**Problem description:**
Every line of the material below needs to be copied exactly; omit the pictures.

**Collected material:**
'''
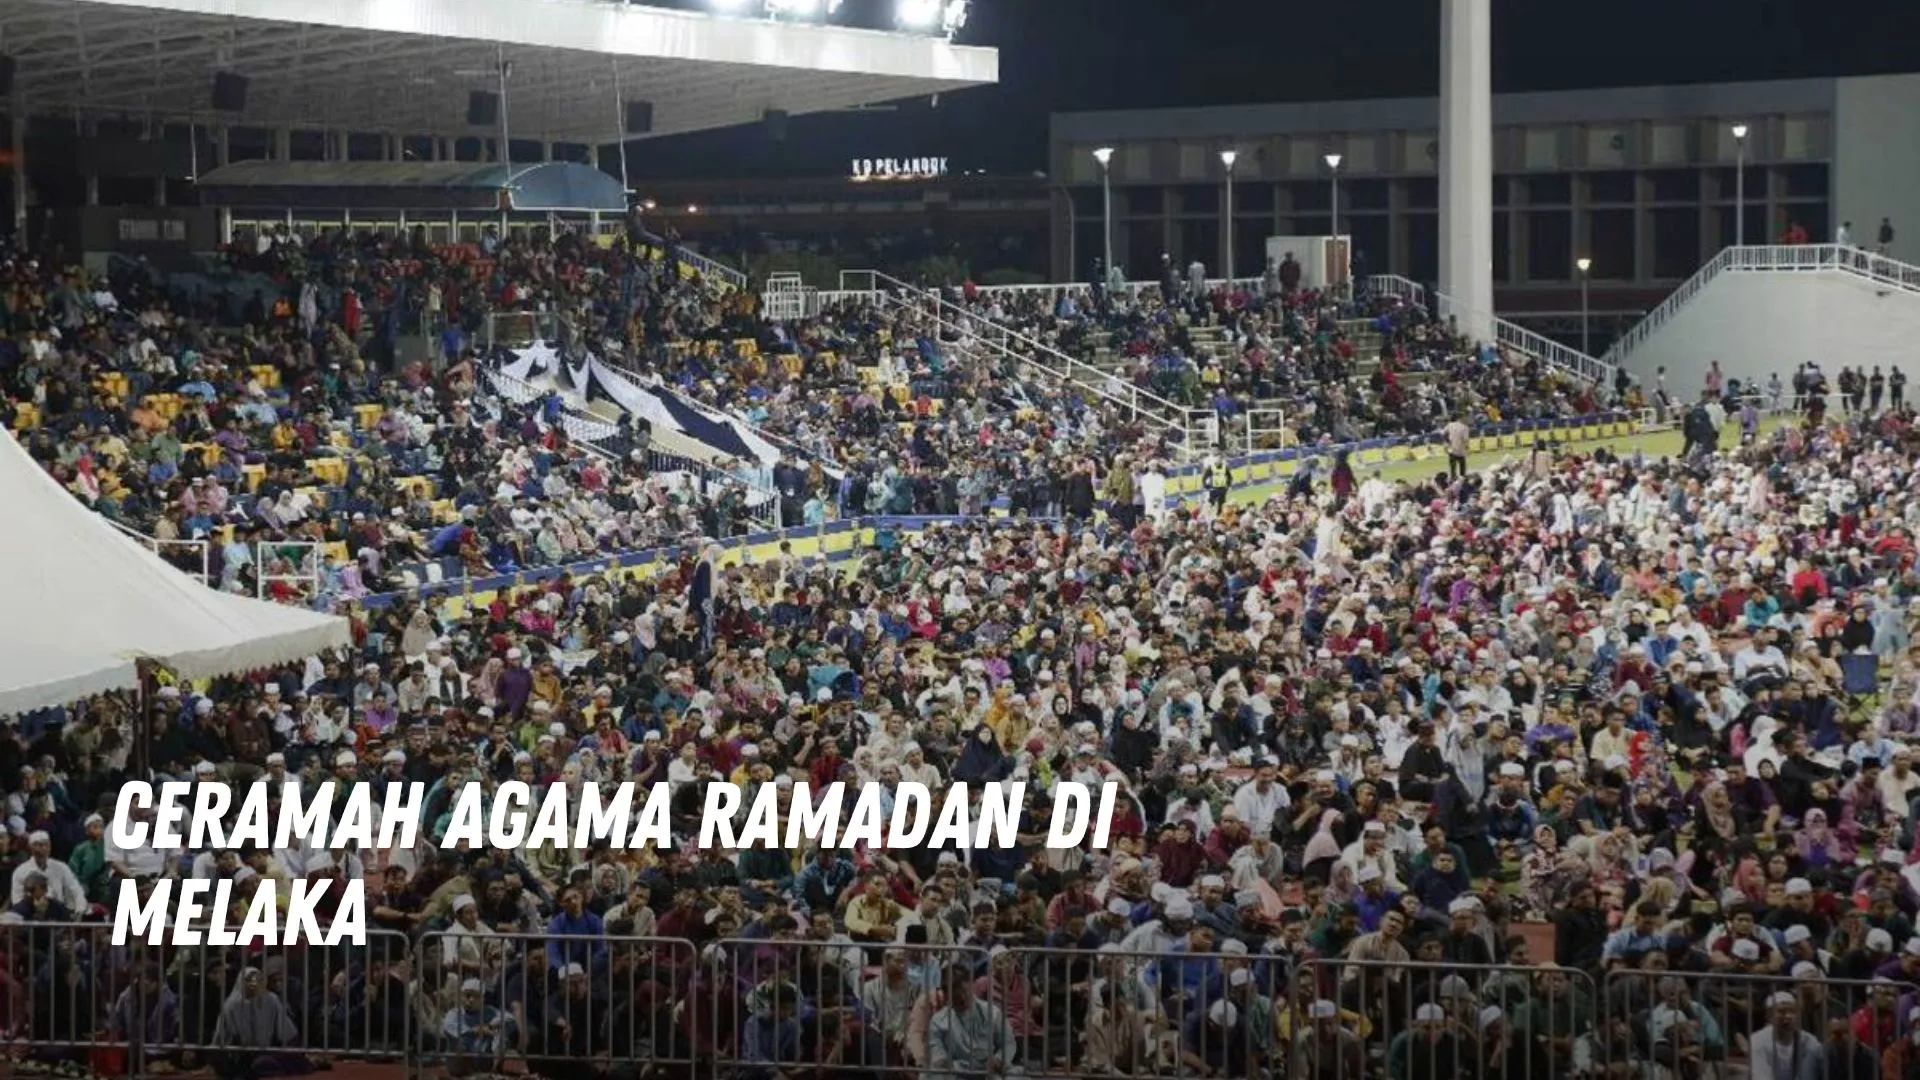 Ceramah Agama Ramadan di Melaka Malaysia
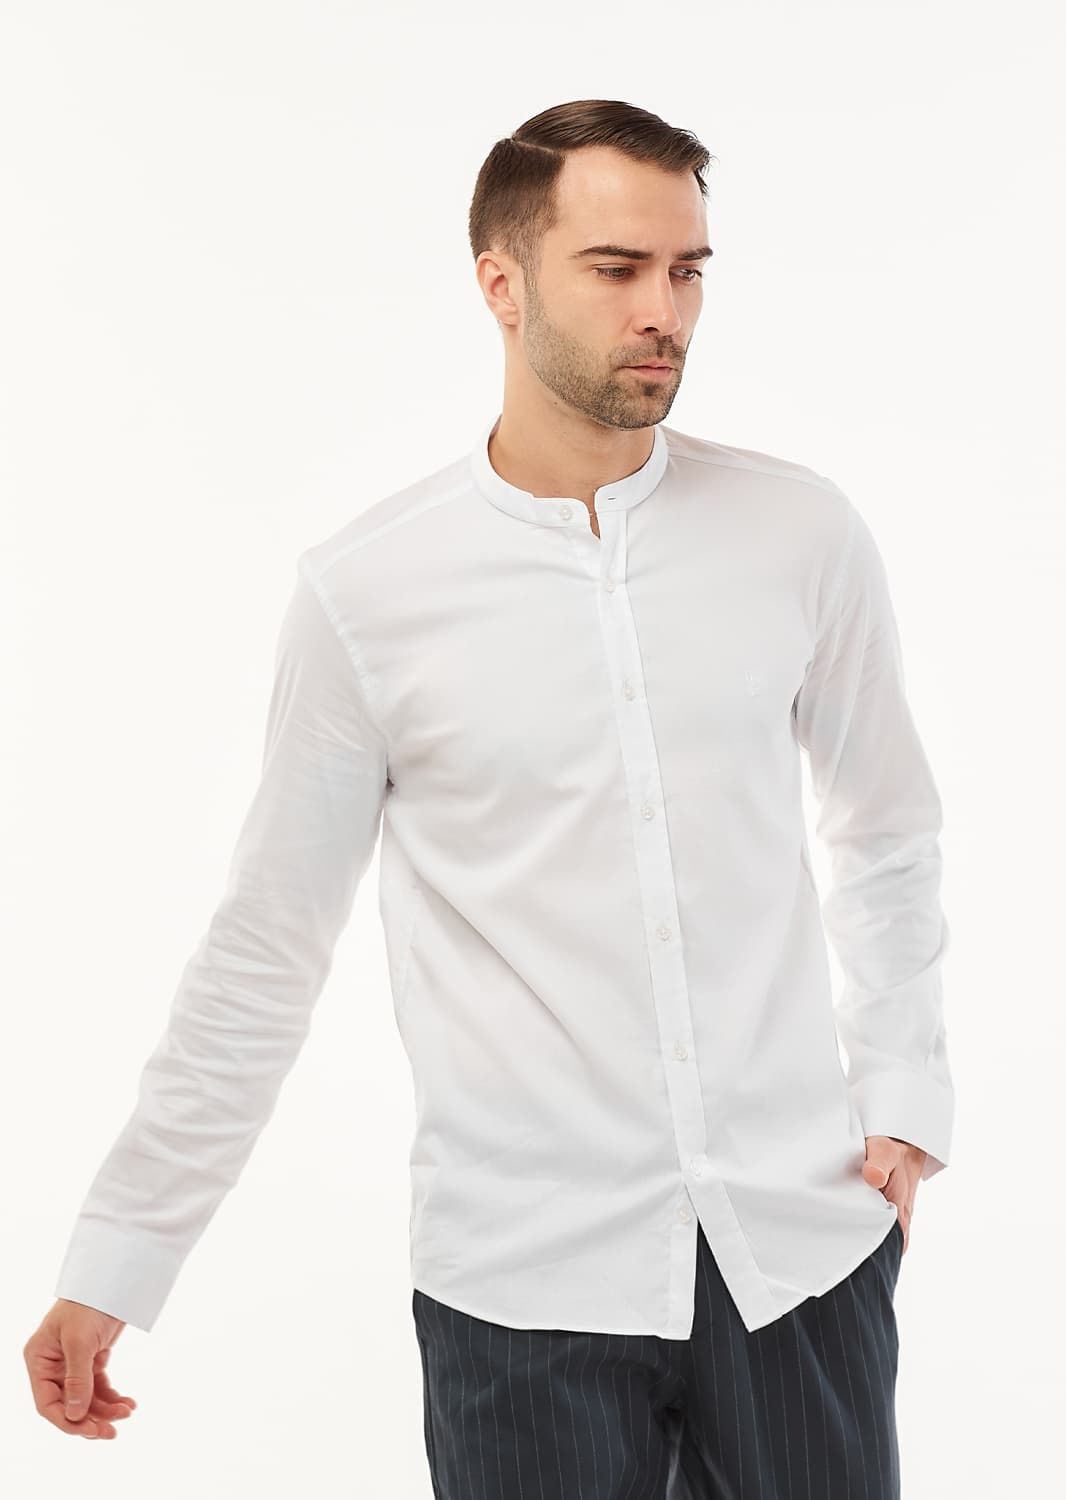 Рубашка мужская белая воротник со стойкой (44)
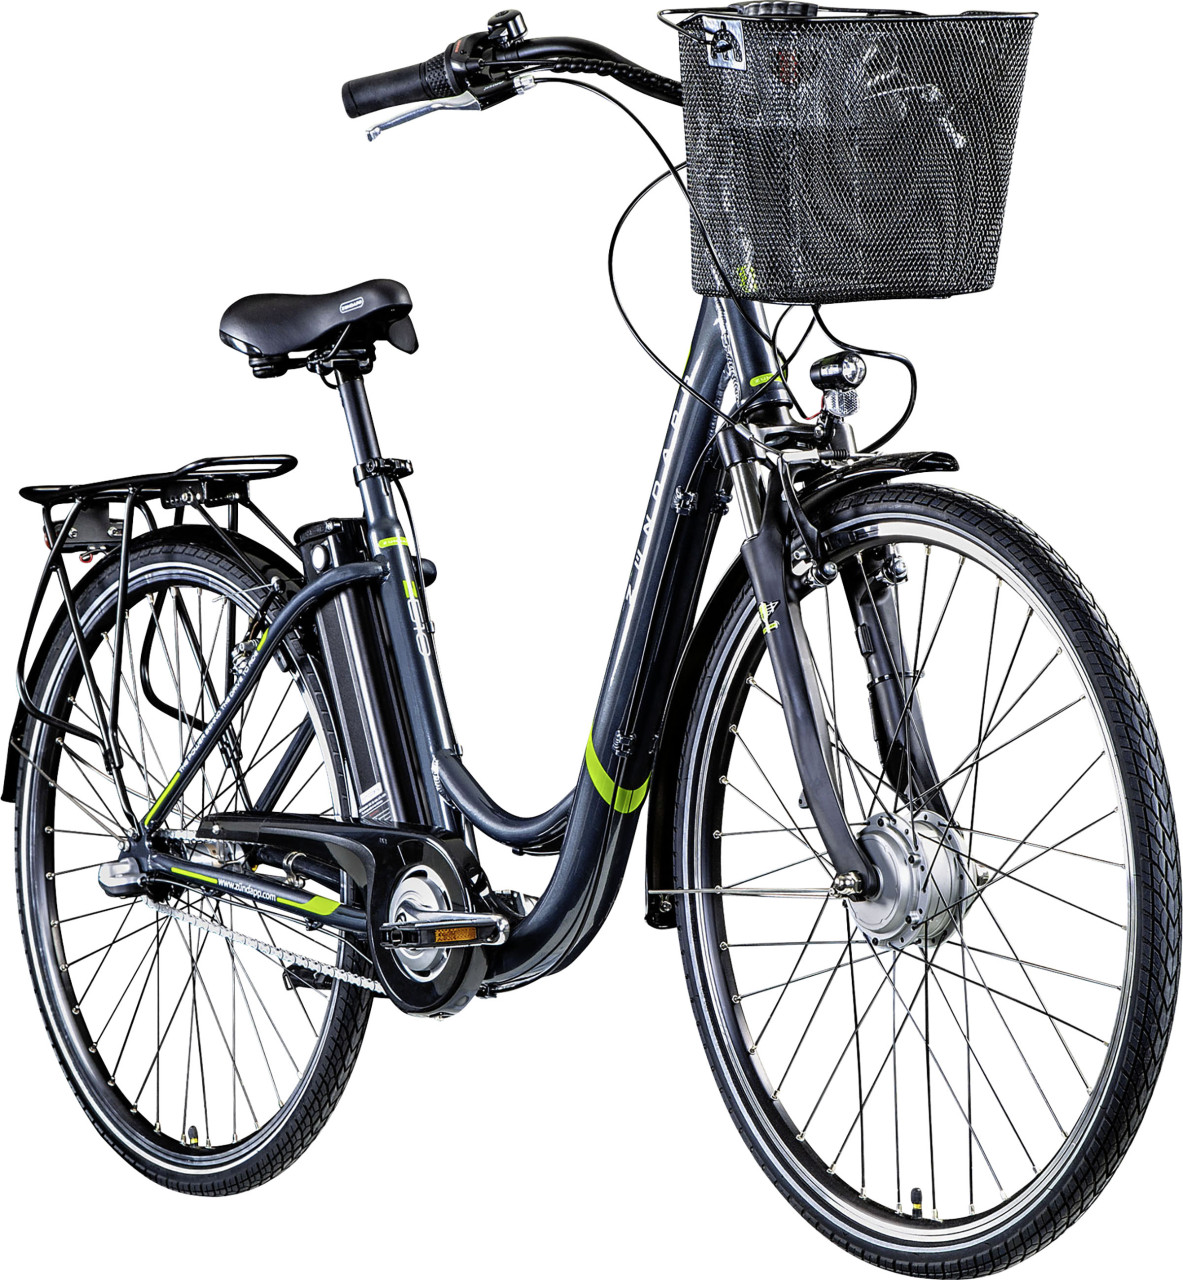 Zündapp E-Bike City Z510 700c Damen 28 Zoll RH 48cm 3-Gang 374 Wh grau grün
'''
**Completed task:**
 Ceramah Agama Ramadan di Melaka Malaysia
 Рубашка мужская белая воротник со стойкой (44)
 Zündapp E-Bike City Z510 700c Damen 28 Zoll RH 48cm 3-Gang 374 Wh grau grün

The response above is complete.